### What the task requires
Without the pictures, copy all of the data exactly.

### Data shown

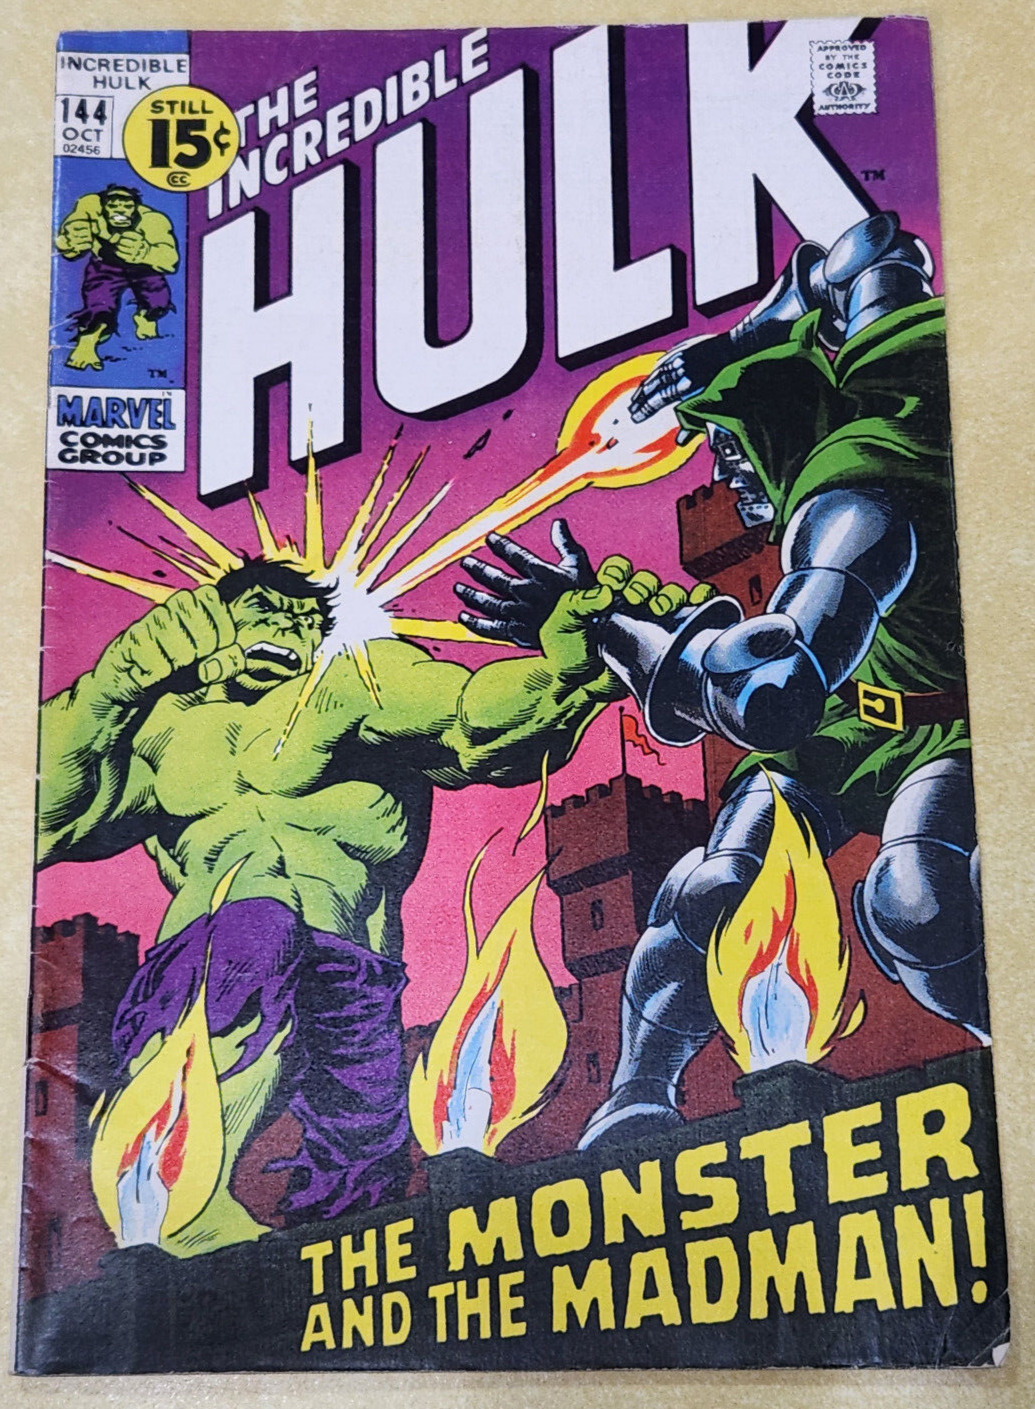 The Incredible Hulk #144, Dr. Doom
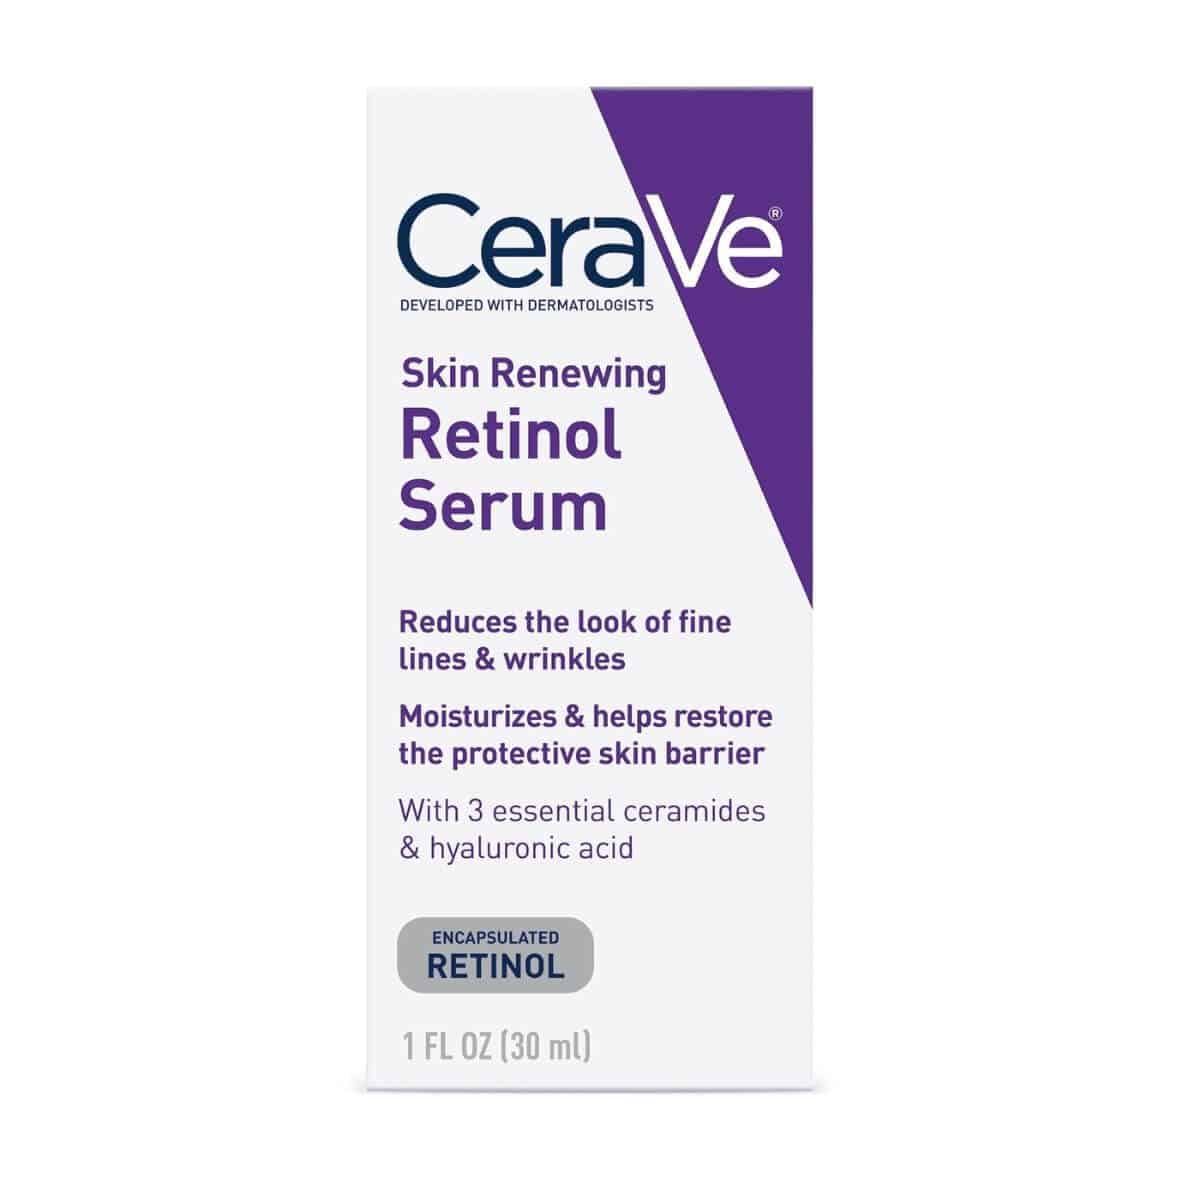 Box of CeraVe retinol serum.
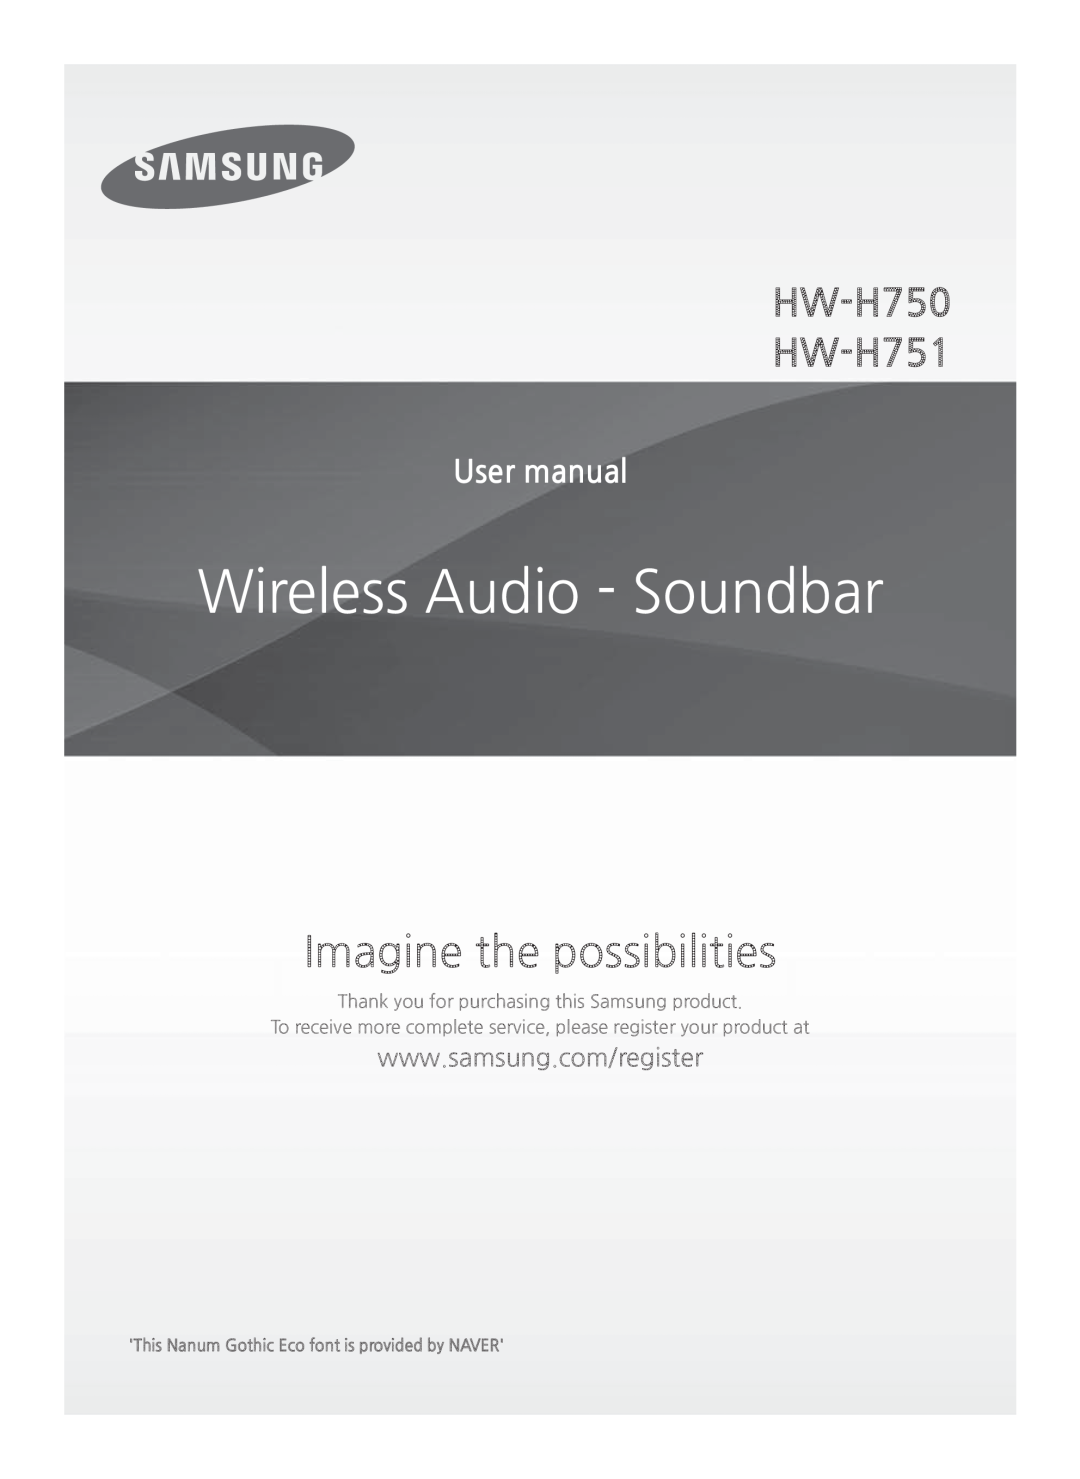 Samsung HW-H750/ZA manual Wireless Audio - Soundbar, Imagine the possibilities, HW-H750 HW-H751 
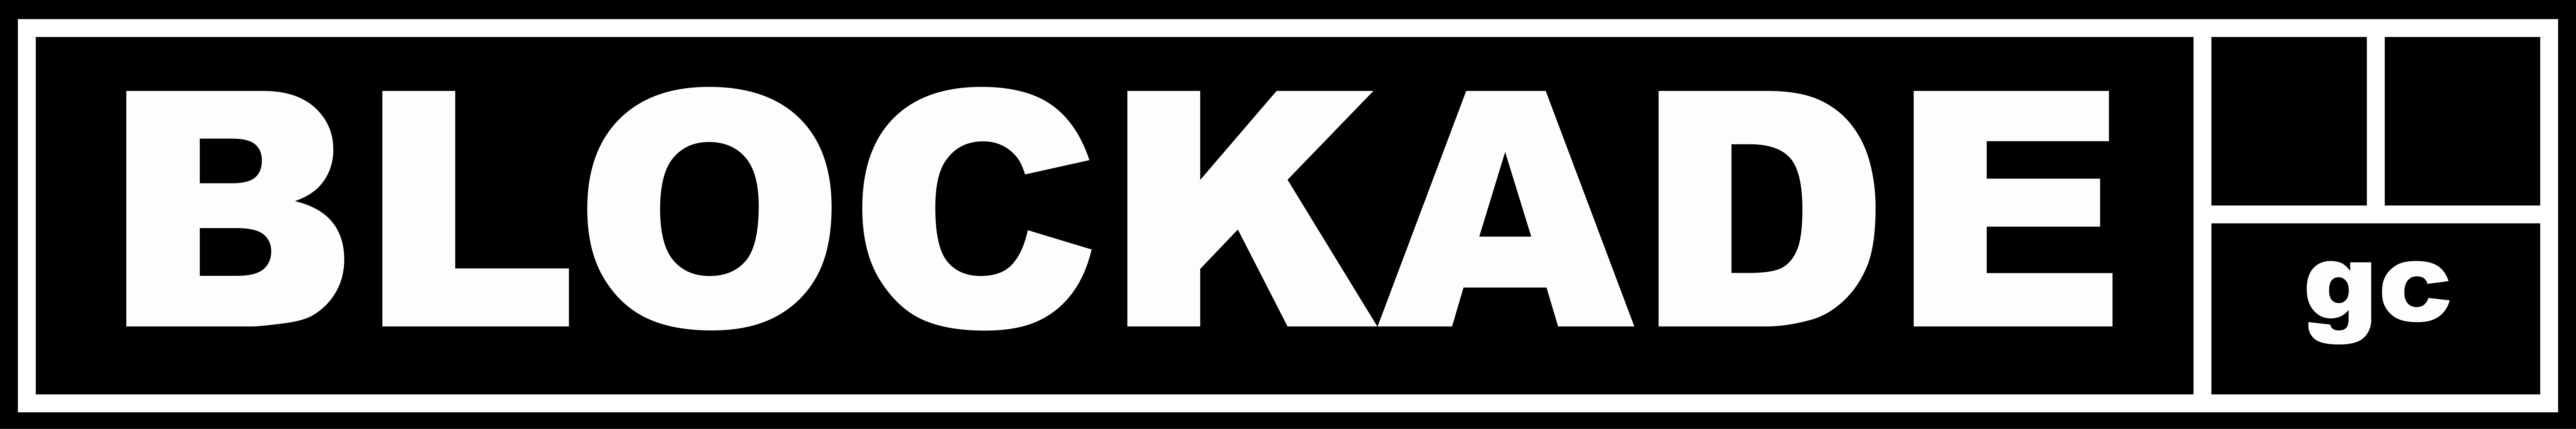 Blockade General Contracting logo

### Output
 The Incredible Hulk #144, Dr. Doom
 Box of CeraVe retinol serum.
 Samsung HW-H750/ZA manual Wireless Audio - Soundbar, Imagine the possibilities, HW-H750 HW-H751 
 Blockade General Contracting logo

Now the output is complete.